CanTx, the Novogen-Yale joint venture, has received orphan drug designation from the US Food and Drug Administration (FDA) for its chemotherapy candidate drug, Cantrixil, to treat ovarian cancer.

The drug was granted orphan drug status under the US Orphan drug Act following a review by the FDA of a package of pre-clinical data submitted by the company.

Novogen and CanTx CEO Graham Kelly said: "Receiving this designation is one more step in our objective of bringing Cantrixil to market as a drug that we hope will provide meaningful clinical benefit to patients with ovarian cancer and deliver that long-sought breakthrough for patients with a cancer that has shown only slight improvement in 5-year survival rates over the last 30 years.

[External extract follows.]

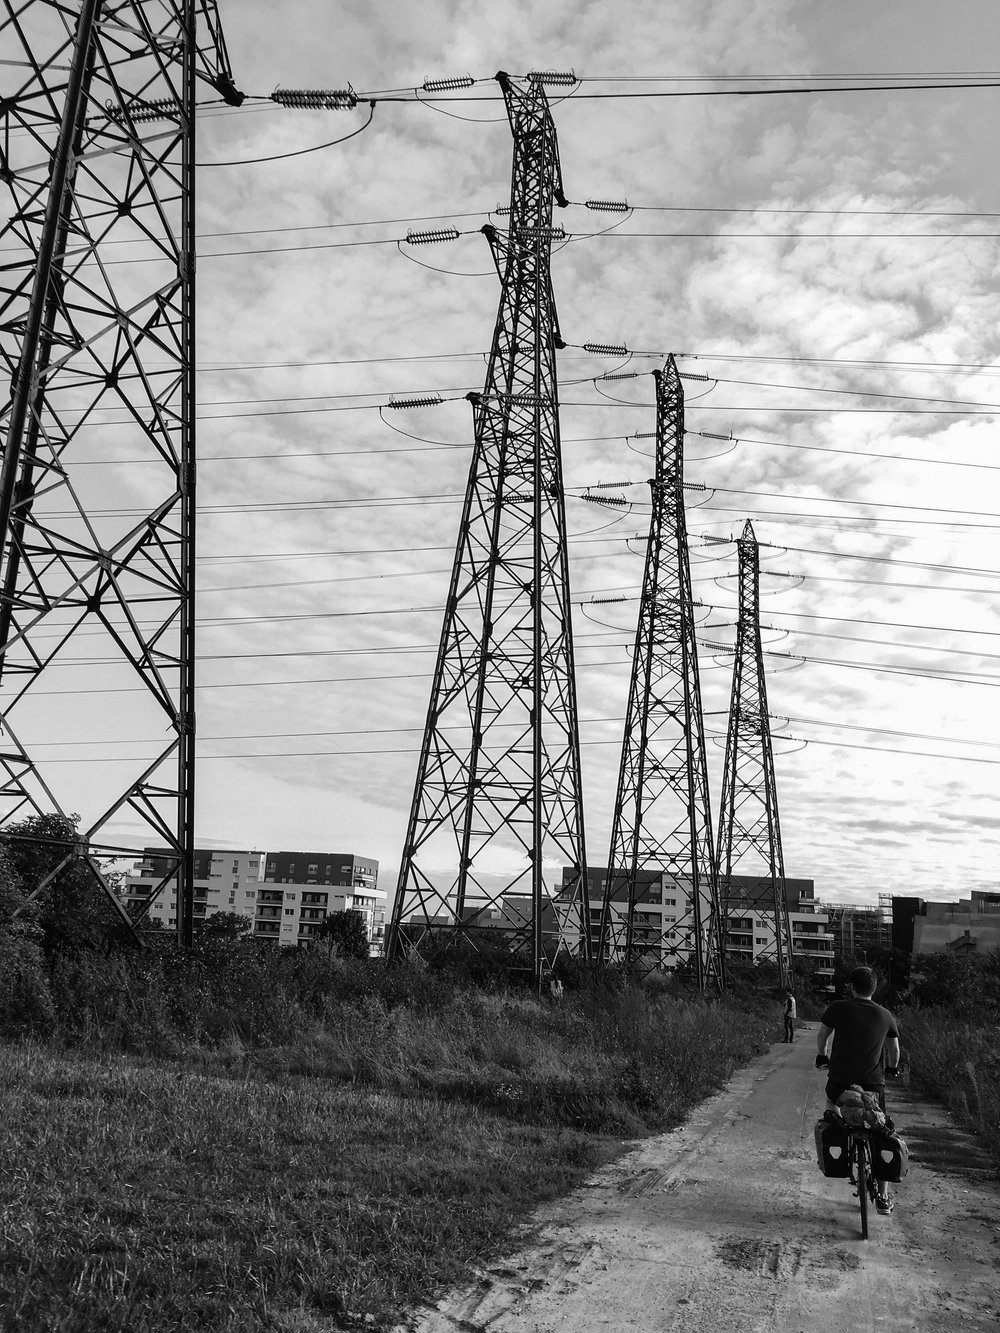 Tom_Oliver_Payne_London_to_Paris_Cycle-19.jpg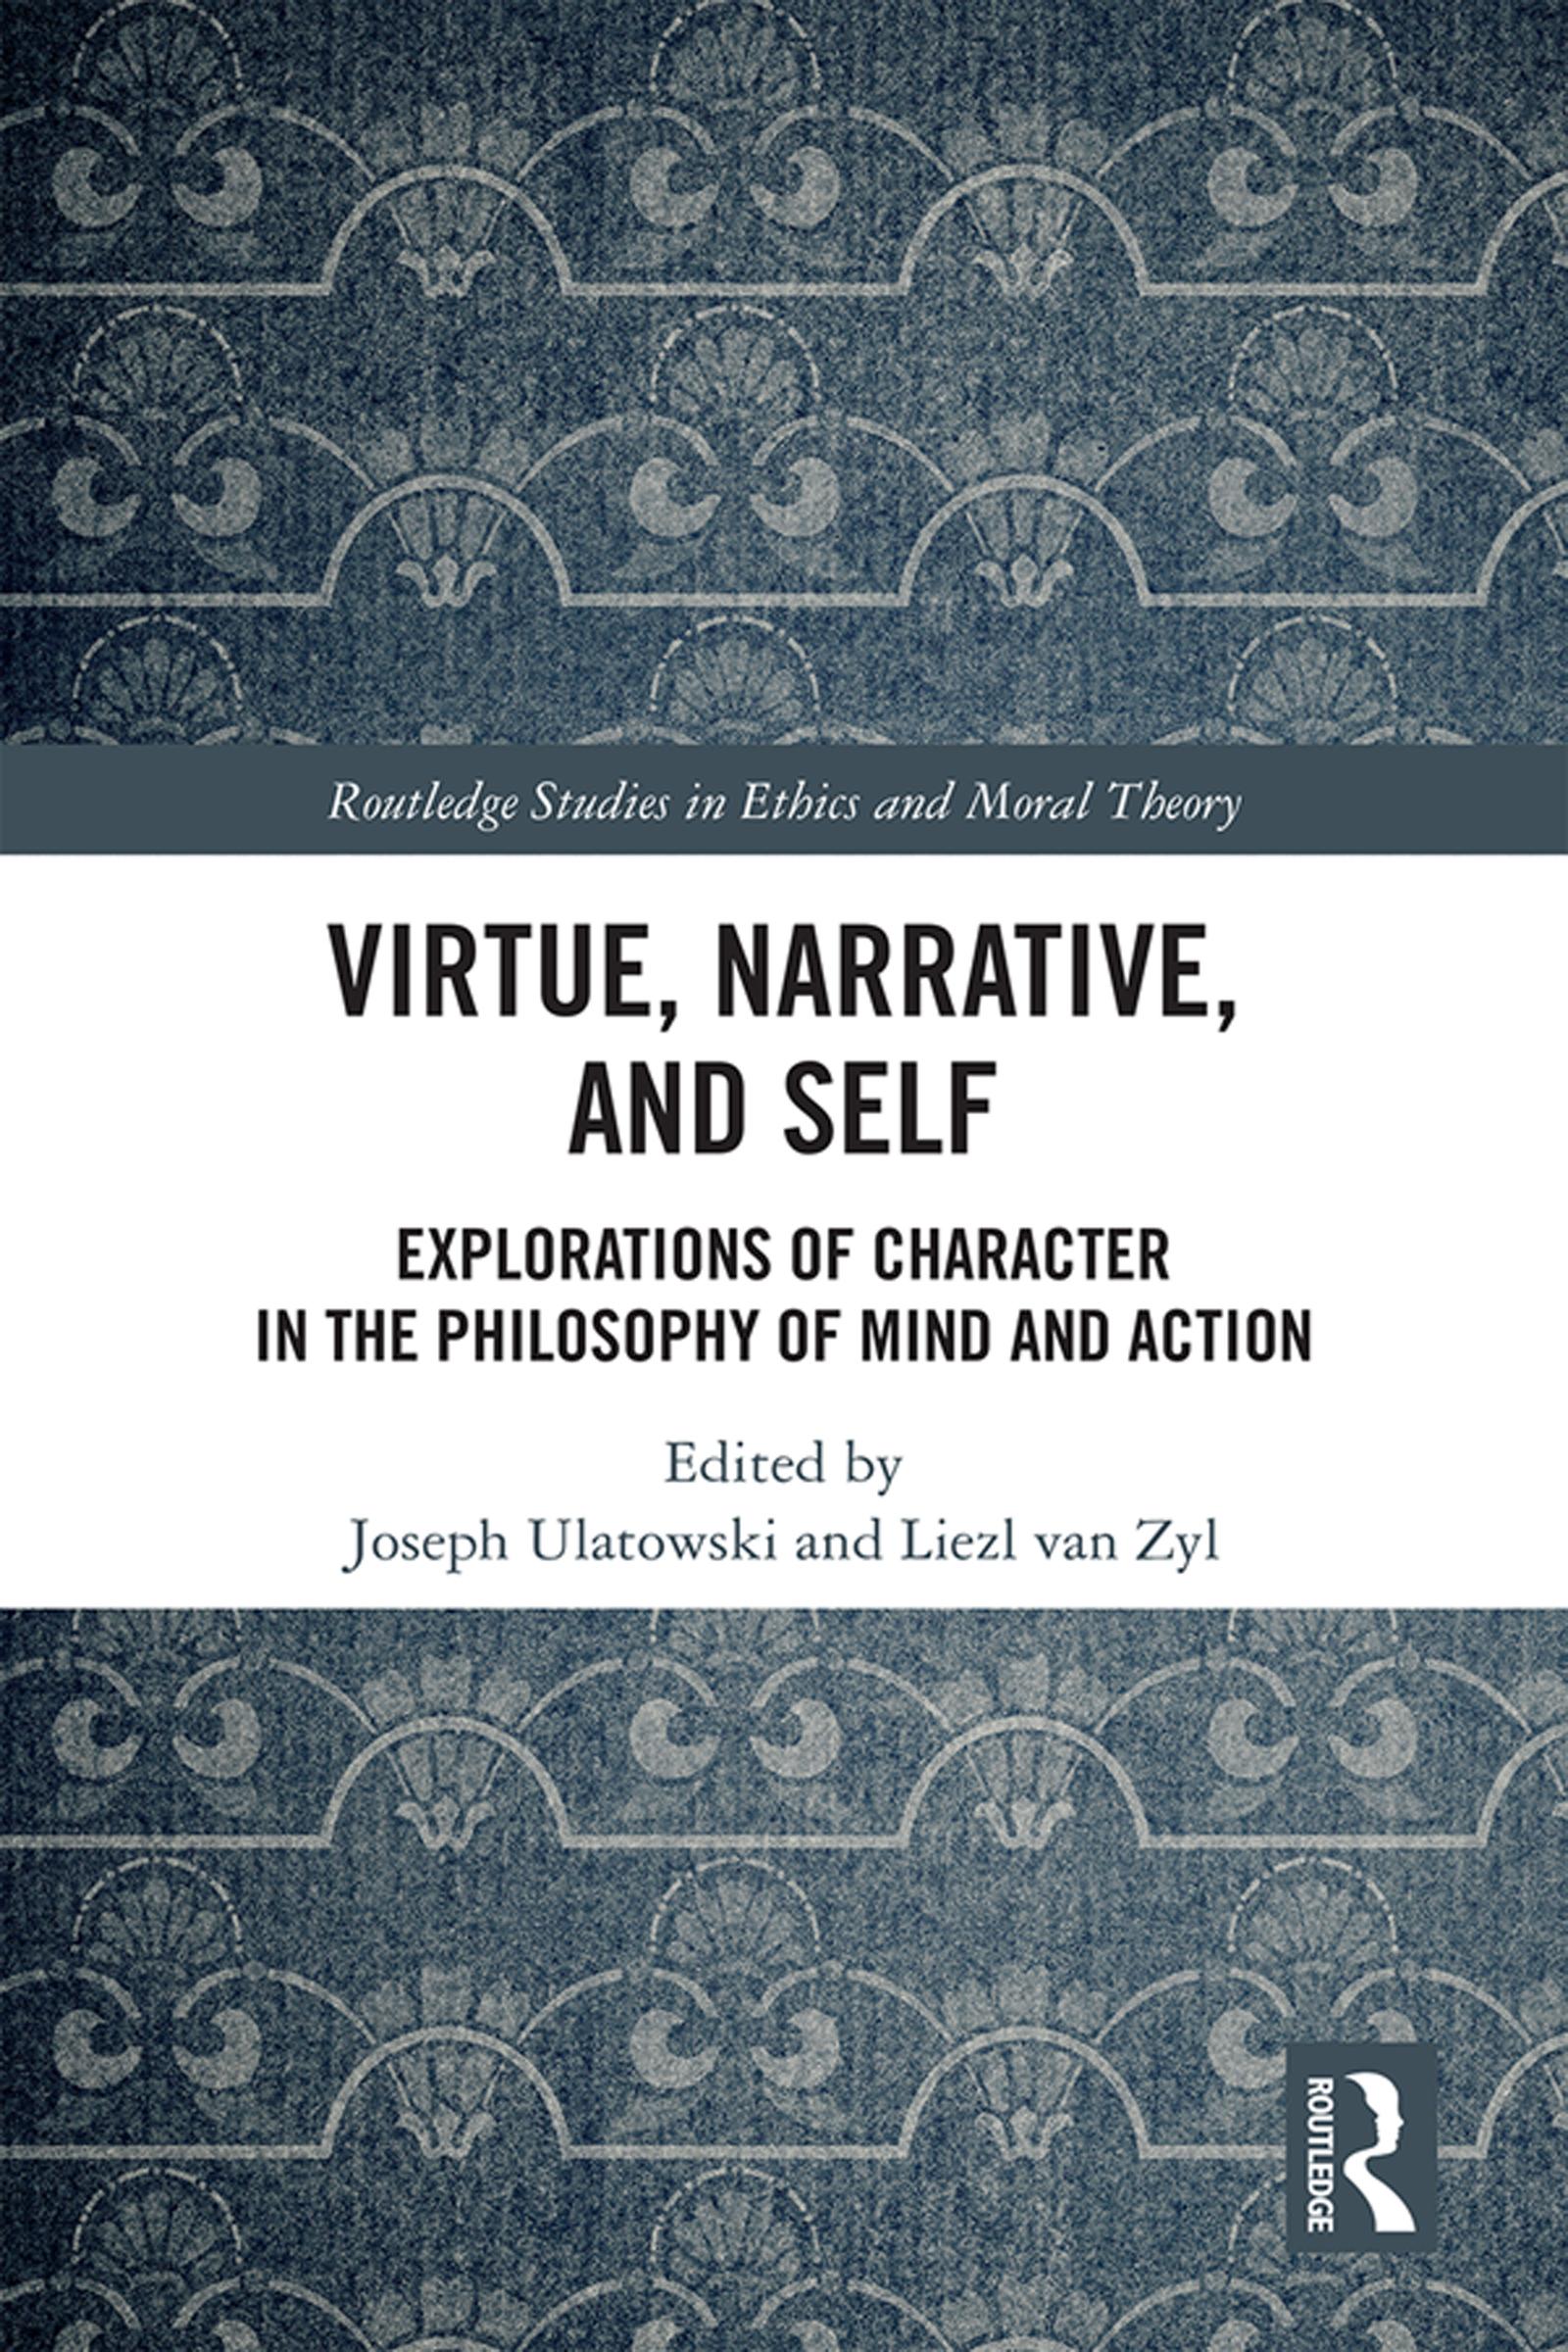 Virtue Ethics and Narrative Virtue

"CanTx came out of a belief by Yale University and some long-term ovarian cancer researchers in the Yale Medical School that Cantrixil represented a potential breakthrough in the treatment of ovarian cancer."

The company said that Cantrixil is on track to enter the clinic in Australia in late-2015/early-2016 in patients with the condition, malignant ascites, a terminal condition associated with cancers such as ovarian cancer and for which no effective long-term therapies exist.

Kelly noted: "The capital-raise Novogen announced yesterday was intended to give the Company the financial runway to bring drugs such as Cantrixil through to the point where we hope to see objective evidence of clinical efficacy.

"For Cantrixil, as for all our other pipeline drugs, this is the next key inflection point for the Company in its quest to become a major global drug discovery company."